Del deseo surge la competencia con los demás; de la competencia, el odio; del odio, la crueldad y las matanzas. Estas tristes murallas, reforzadas por sólidos torreones a breves intervalos, son un ejemplo de lo que digo. El miedo las ha levantado.
Hace más de cien año, cuando el Imperio vivía la época más sombría de su historia, bandas de bárbaros francos llegaron hasta aquí, y más al sur, expoliando y arrasando cuanto hallaban a su paso. La pequeña ciudad, delimitada por un débil cerco de la época de Octavio Augusto, fue saqueada. Cuando los bárbaros se retiraron y todo volvió al orden antiguo – aunque ya nada sería como antes en todo Occidente – los ciudadanos fueron presa de una fiebre constructora. Apenas fue necesario que llegasen de Roma los edictos ni que el curador diese las órdenes oportunas. Todo el pueblo se afanó en levantar los muros más altos y anchos posibles.
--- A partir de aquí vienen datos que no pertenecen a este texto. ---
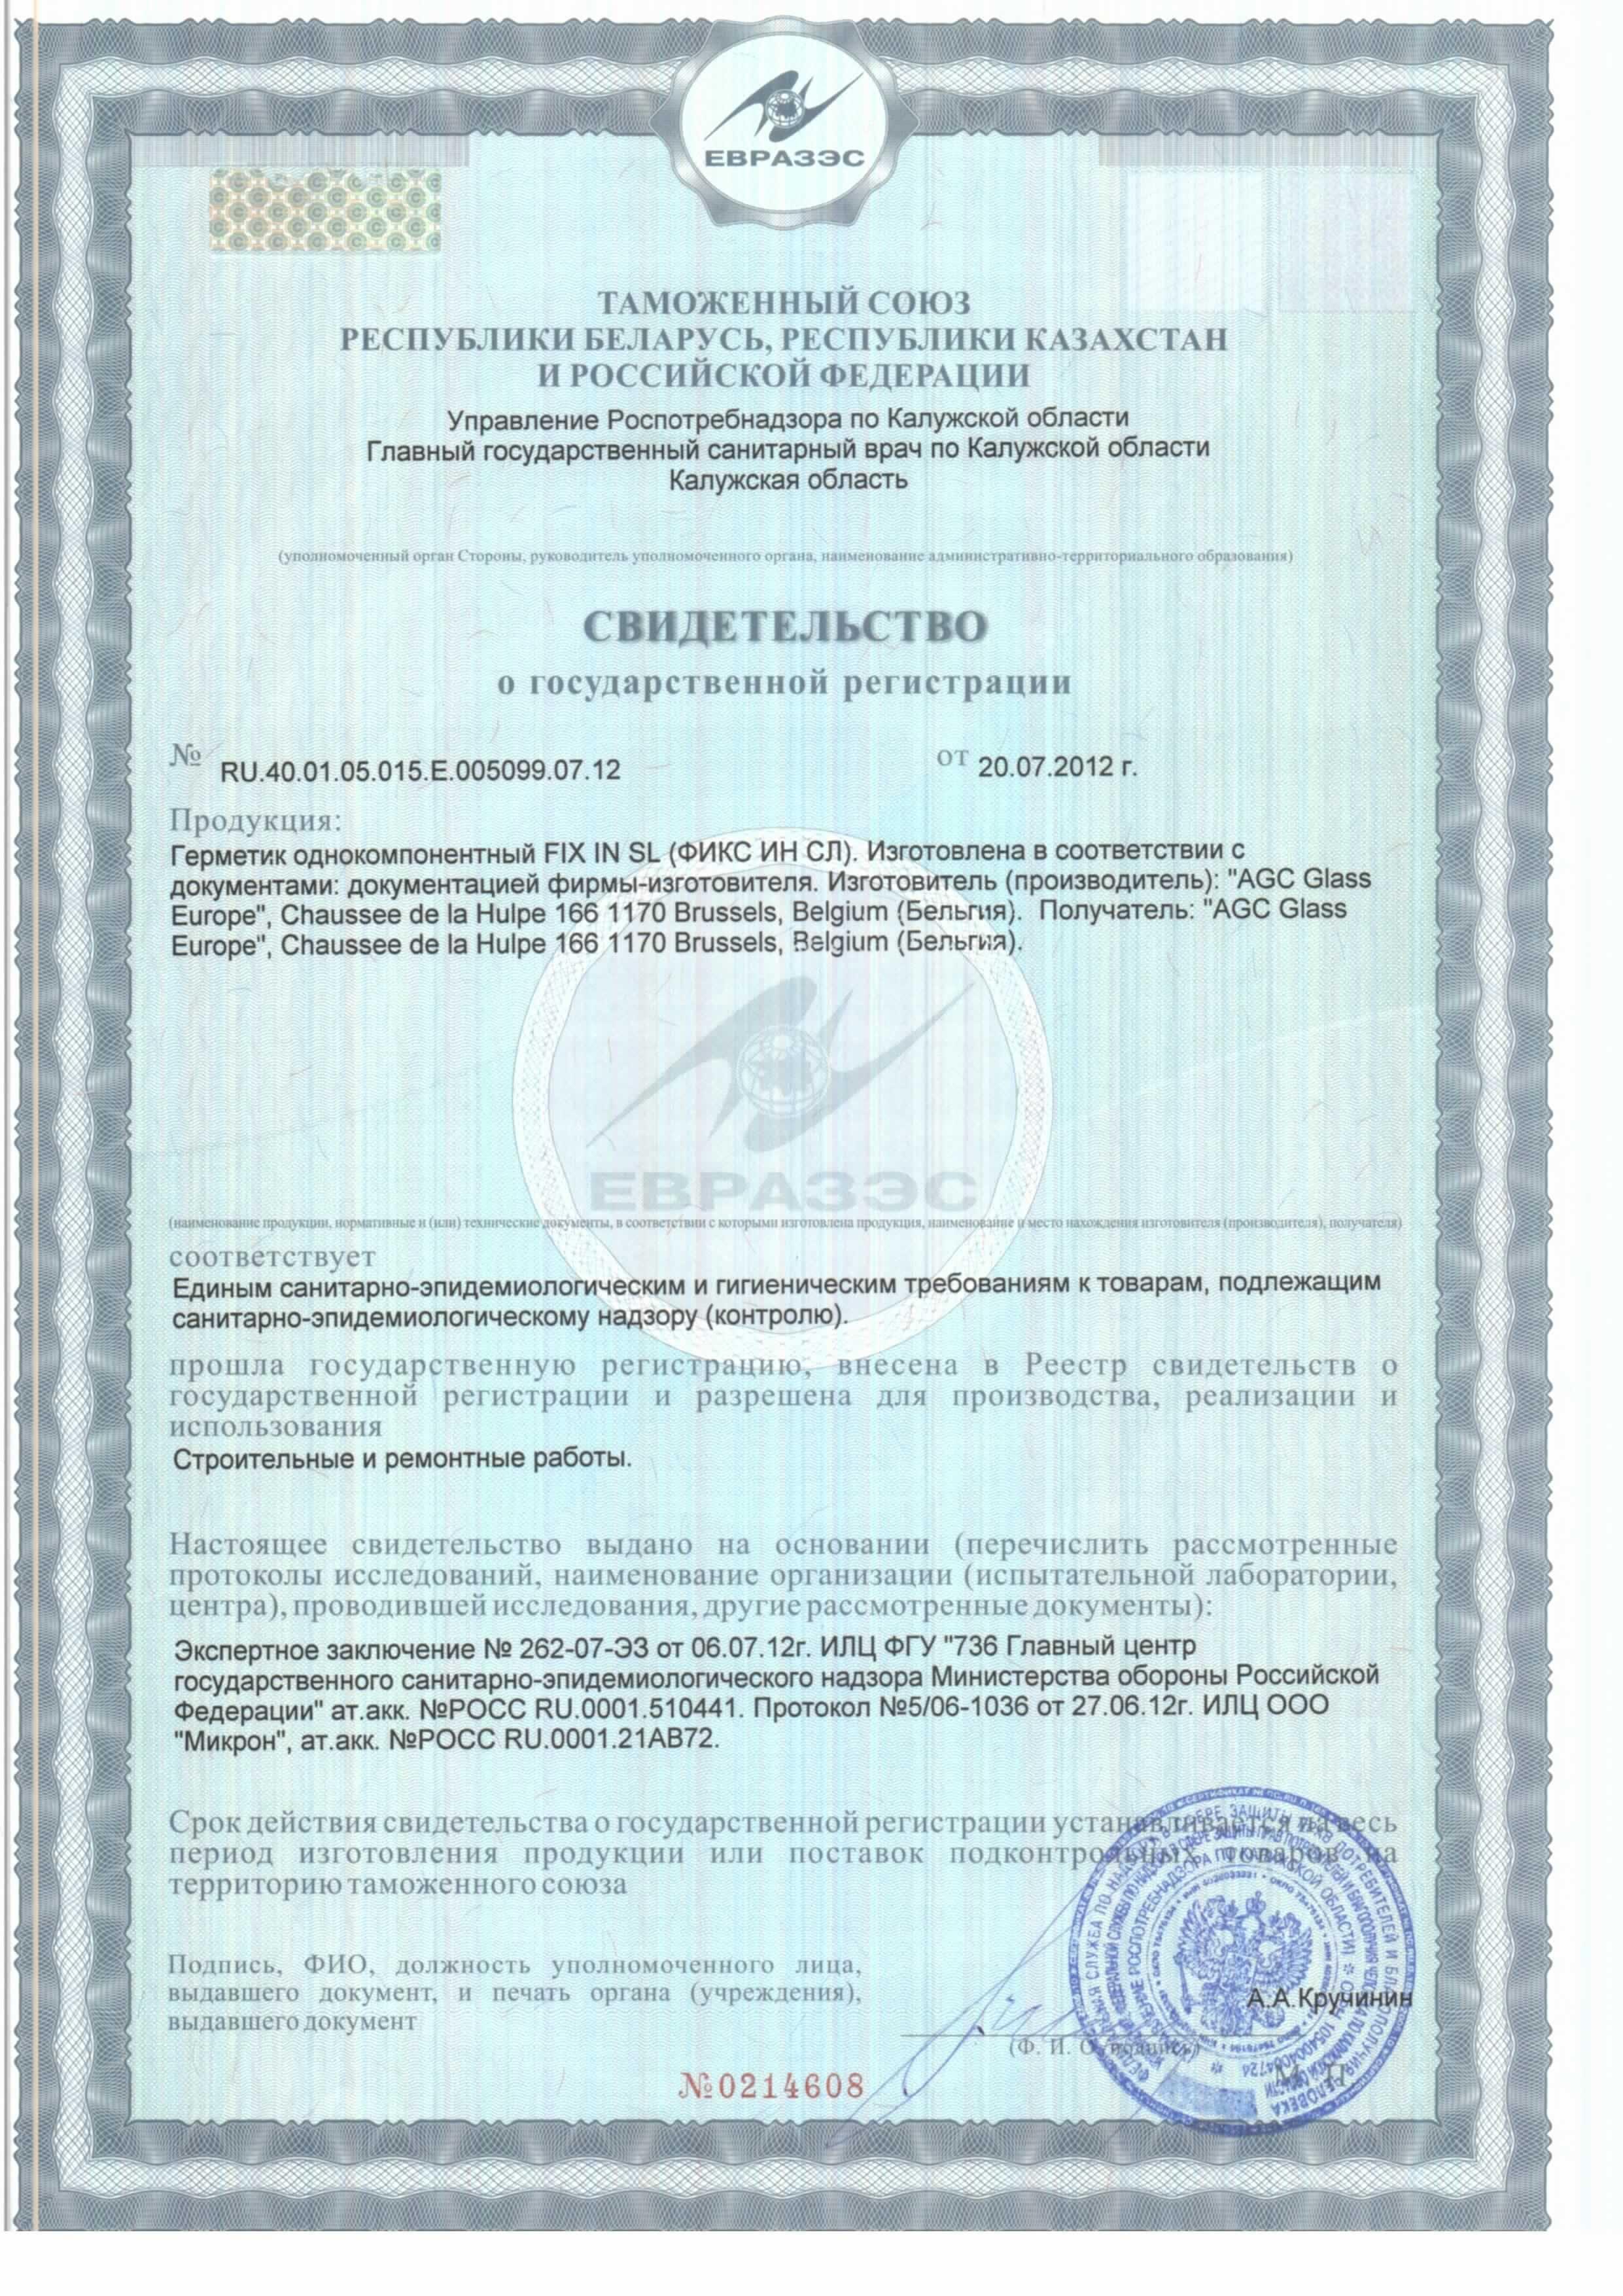 Сертификат герметик полиуретановый мастика клеящая морозостойкая битумно-масляная мб-50 прайс

En el delirio constructor – cuentan los que lo oyeron contar a sus abuelos – todo servía para el reforzamiento de las murallas. Columnas, restos de edificios destruidos, fragmentos de monumentos funerarios, incluso imágenes de dioses, dicen, todo sirvió de relleno para la imponente muralla.
Ésta y muchas otras que por aquellos años se levantaron en tantos lugares de Occidente – la misma de Roma, edificada por Aureliano – son claros ejemplos de que el hombre mancha la tierra con los signos del temor y del odio. Esas murallas fueron levantadas para defenderse de los bárbaros. Los bárbaros, sí, esos hombres a los que, desde hace siglos, se ha perseguido y dado caza en los espesos bosques de Germania en nombre del senado y el pueblo de Roma.
Las murallas, las espadas, las máquinas de guerra: éstas son las obras de los hijos del pecado. Pero cuando vuelva Jesús y haya un nuevo Cielo sobre una nueva Tierra, no serán necesarias las defensas. Porque el hombre se habrá reconciliado con la naturaleza y con los otros hombres, y la Ciudad, rotas las murallas por el sonido de las trompetas que anunciarán la llegada del Salvador, será sustituida por el Reino de Dios, que no tendrá fin.